The U.S. Commodity Futures Trading Commission (CFTC) has imposed $1.7 billion in restitutions against a South African BTC scam in the agency’s largest fraud scheme case involving digital assets.
A court in the Western District of Texas ordered Mirror Trading International (MTI) to pay $1.733 billion in restitution, concluding an action the CFTC lodged in June last year.
MTI allegedly solicited investment from thousands of investors, over 23,000 of whom were from the U.S. Operating a multi-level marketing scam, the company raised 30,000 BTC from investors. It promised them guaranteed profits, which it claimed came from proprietary trading practices that ‘never made any losses.’
However, as with most other BTC scams, the money never went to trading. Instead, founder Cornelius Johannes Steynberg and other co-conspirators channeled the money to their personal expenses. They also used some funds from late-stage investors to make interest payments to early investors in a Ponzi scheme fashion.

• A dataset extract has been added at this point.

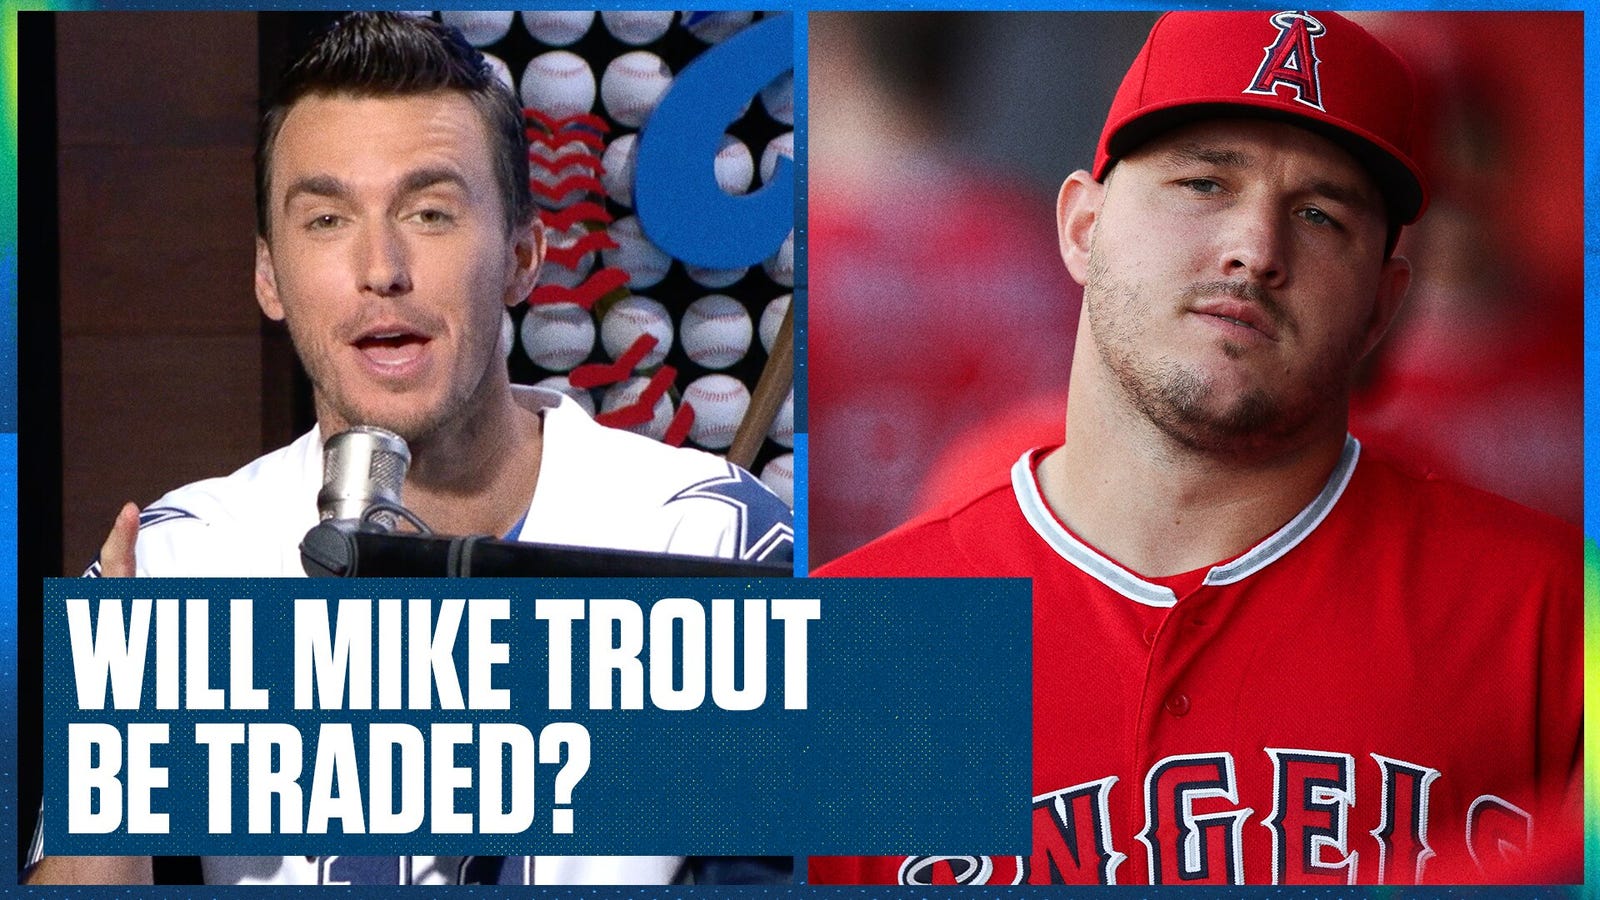 Has Mike Trout played his last game for the Angels?

Steynberg misled investors on the level of his expertise in forex and BTC trading, the CFTC alleged. He also left out critical information about other executives, including that three of them had filed for bankruptcy protection in the United States.
In his comments, CFTC’s Director of Enforcement Ian McGinley said that the agency would continue to pursue criminals who hide behind the guise of digital assets and other emerging technologies.
“Whether a scam involves fictitious electronic trading ‘bots’ or Bitcoins, as this action involving a South African entity shows, we will pursue the scam artists wherever they may be,” he said.
Regulators globally have pursued Steynberg and his company for years. In 2020, South African authorities placed the company into involuntary liquidation and appointed liquidators to handle the process. The bankruptcy proceedings are still ongoing before the High Court of South Africa.
In her statement, Commissioner Kristin Johnson lauded the CFTC’s continued cooperation with local and global regulators to crack down on crime in digital currency and beyond. She also called on vigilance from investors in light of more complex scams.
“Fraudsters offering guaranteed, or unusually high, returns—or both—should in particular prompt scrutiny and additional diligence before transferring any funds,” she said.